Univariable logistic regression analysis was performed for the association between explanatory variables (sex, village of residence, and age) and the following outcomes: C. burnetii seropositivity in IgG phase I and IgG phase II and overall C. burnetii seropositivity (for any isotype) in the Wiwa people. A multivariable logistic regression model was used for the association between the explanatory variables (village of residence and age) and the outcomes C. burnetii overall seropositivity, C. burnetii IgG phase I positivity, and C. burnetii IgG phase II positivity and the explanatory variables (village of residence and sex) and the outcomes C. burnetii IgM phase I positivity and C. burnetii IgM phase II positivity. The immunofluorescence assay was considered positive at a titer cutoff of ≥ 1:16. Statistically significant variables (P value ≤ 0.05) are highlighted in bold.
Overall = participants that tested positive for at least one of the four antibodies included.
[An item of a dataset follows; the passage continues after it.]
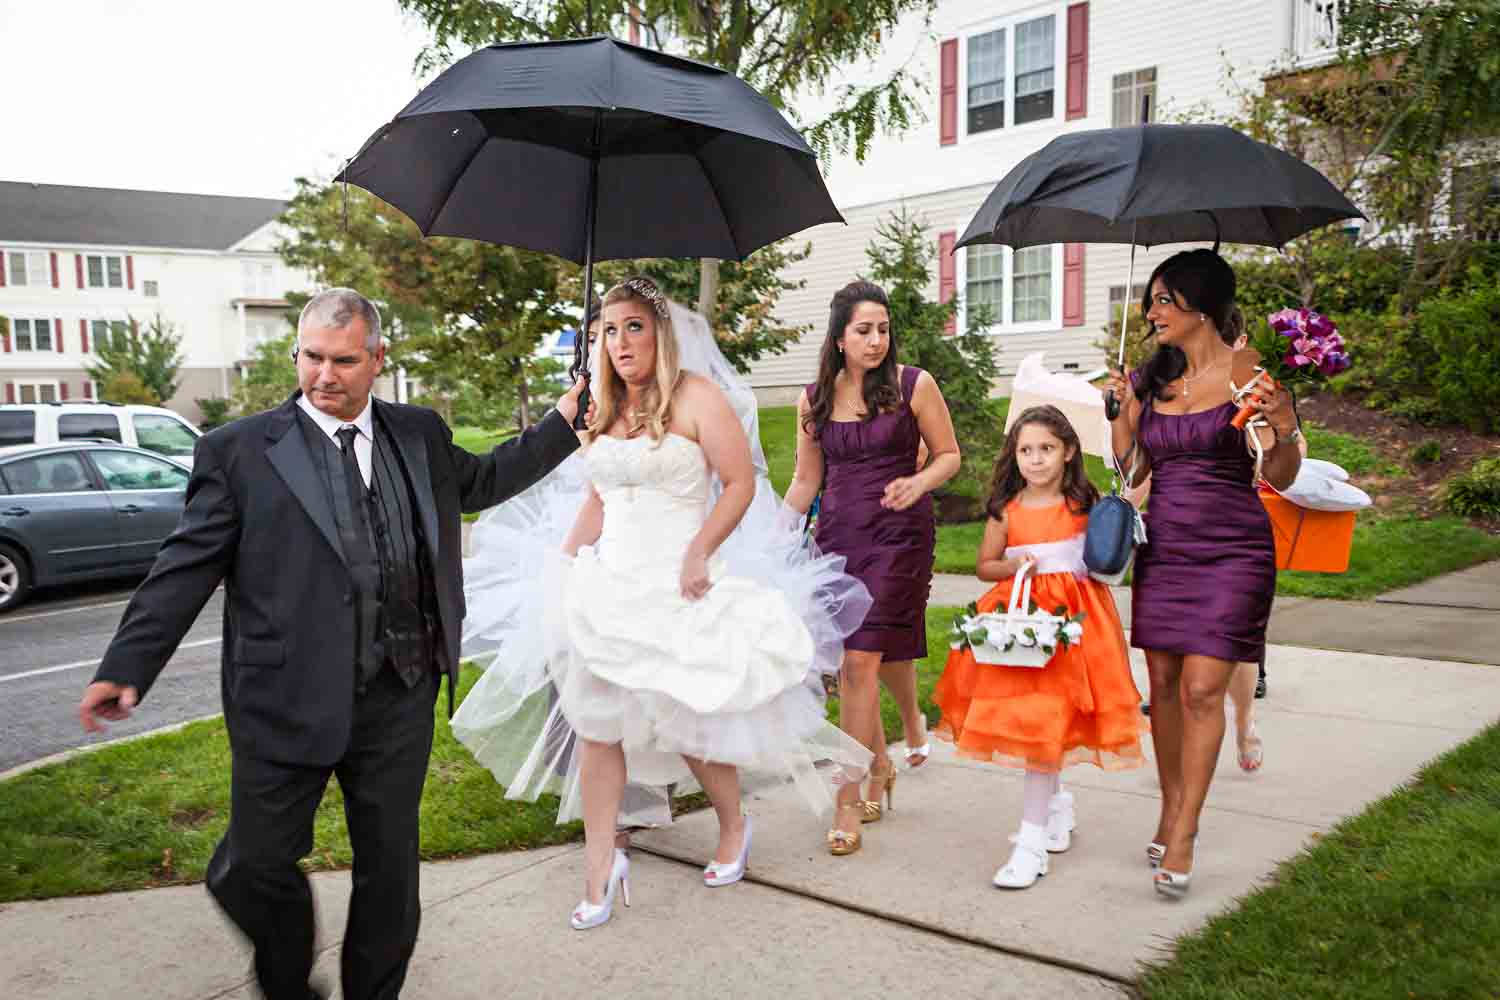 Bride and bridal party walking under umbrellas

For the outcomes of IgG phase I and II and overall seropositivity, the model of best fit for the multivariable analysis included “village” and “age” (likelihood ratio test), whereas the model of best fit for IgM phase I and II included “sex” and “age” (Table 1). Lower odds of overall seropositivity (OR = 0.20; 95% CI, 0.06–0.67, P = 0.010) were still seen for participants living in Siminke, whereas those living in Cherua had increased odds of being seropositive for IgG phase I (OR = 2.97; 95% CI, 1.02–8.67, P = 0.047). Age was again positively associated with seropositivity, with the age group of 12 to 44 years having increased odds for IgG phase I (OR = 4.77; 95% CI, 1.53–14.84, P = 0.007), IgG phase II (OR = 3.13; 95% CI 1.07–9.16, P = 0.037), IgM phase II (OR = 4.30; 95% CI, 1.33–13.96, P = 0.015), and overall seropositivity (OR = 4.00; 95% CI, 1.77–8.87, P = 0.001). Increased odds were also observed for the ≥ 45-year age group for IgM phase I (OR = 7.93; 95% CI, 1.88–33.45, P = 0.005), IgM phase II (OR = 7.93; 95% CI, 1.88–33.45, P = 0.005), and overall seropositivity (OR = 4.67; 95% CI, 1.42–15.41, P = 0.011). Women had increased odds of being seropositive for IgM phase I (OR = 2.76; 95% CI, 1.01–7.53, P = 0.047) and phase II (OR = 2.76; 95% CI, 1.07–7.14, P = 0.036).
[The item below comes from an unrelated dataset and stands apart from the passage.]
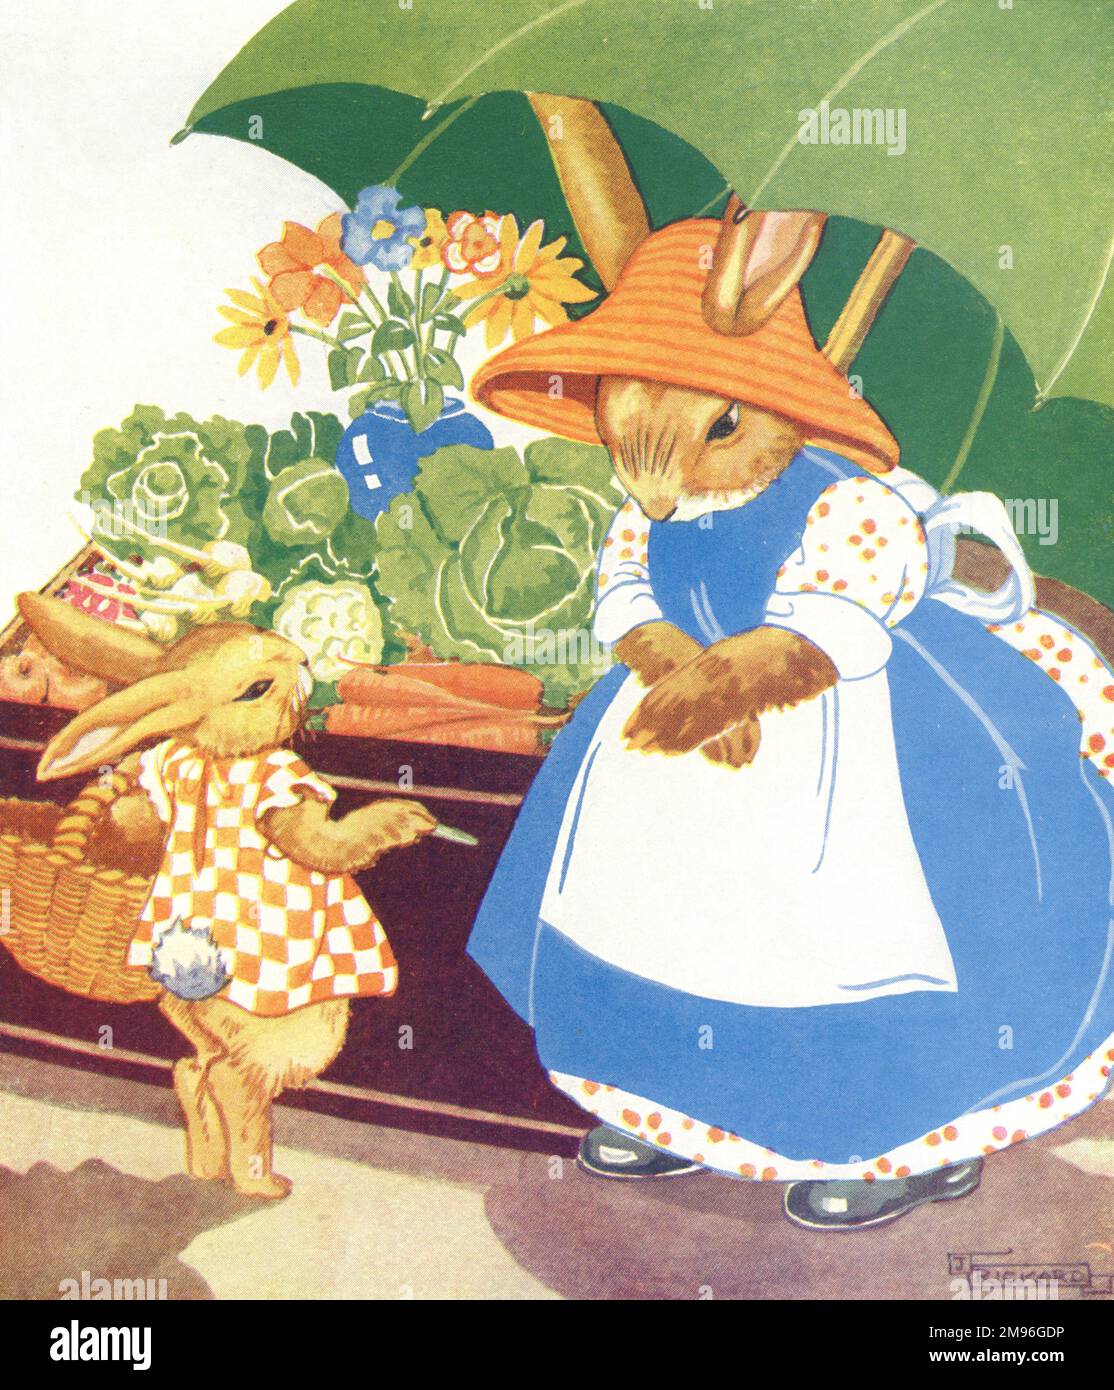 Die Kaninchenmutter bleibt unter einem großen grünen Regenschirm, während das Kaninchen entscheidet, welches Gemüse in den Warenkorb gelegt wird. Stockfoto

Our study is the first to report C. burnetii exposure in the Wiwa population, providing evidence of an underappreciated risk of Q fever in these remote communities. Further, current transmission of C. burnetii is indicated by the detection of IgM antibodies. Q fever is not a reportable disease in Colombia and is likely to be underreported nationally.8 Because Q fever was first reported in Colombia in the 1970s, only limited studies focusing on livestock and people with occupational exposure are available.8–12 These studies found that 25.9% of farmers and 19.5% of their cattle were positive for C. burnetii DNA, and additional serological studies reported exposure in farmers of 31.9%, in slaughterhouse workers of 54%, and in cattle from 27.1% to 60%.10–12 One study in small ruminants reported C. burnetii DNA in 6% of sheep’s milk and 0.6% of vaginal swabs from goats.9 Risk factors associated with seropositivity to C. burnetii identified in other studies in Colombian farming communities included tick bites, working with cattle, consuming raw milk products, livestock slaughtering, and keeping hens.12
Previous C. burnetii cases reported from Colombia were linked to endocarditis and pneumonia, which may be fatal for remote communities with limited access to health care.13,14 Approximately 1% to 5% of acute cases develop chronic disease, from which the 35% seroprevalence in our study population (n = 150) can be extrapolated to mean as many as 17 chronic Q fever cases per 1,000 indigenous people in this region.1
The study had the following limitations. No clinical or risk factor data linked to C. burnetii transmission were available for these samples, so the study does not indicate how often seroconversion was associated with actual illness rather than asymptomatic seroconversion, often seen with C. burnetii exposure. The sample size calculation was based on an anticipated seroprevalence of 10%, but we found a much higher seroprevalence. Although this may limit the interpretation of the logistic regression analysis, for the seroprevalence estimate, we calculated the 95% CI (27–43). Our conclusions would be unaffected by a true estimate at either the lower or upper limit of this range.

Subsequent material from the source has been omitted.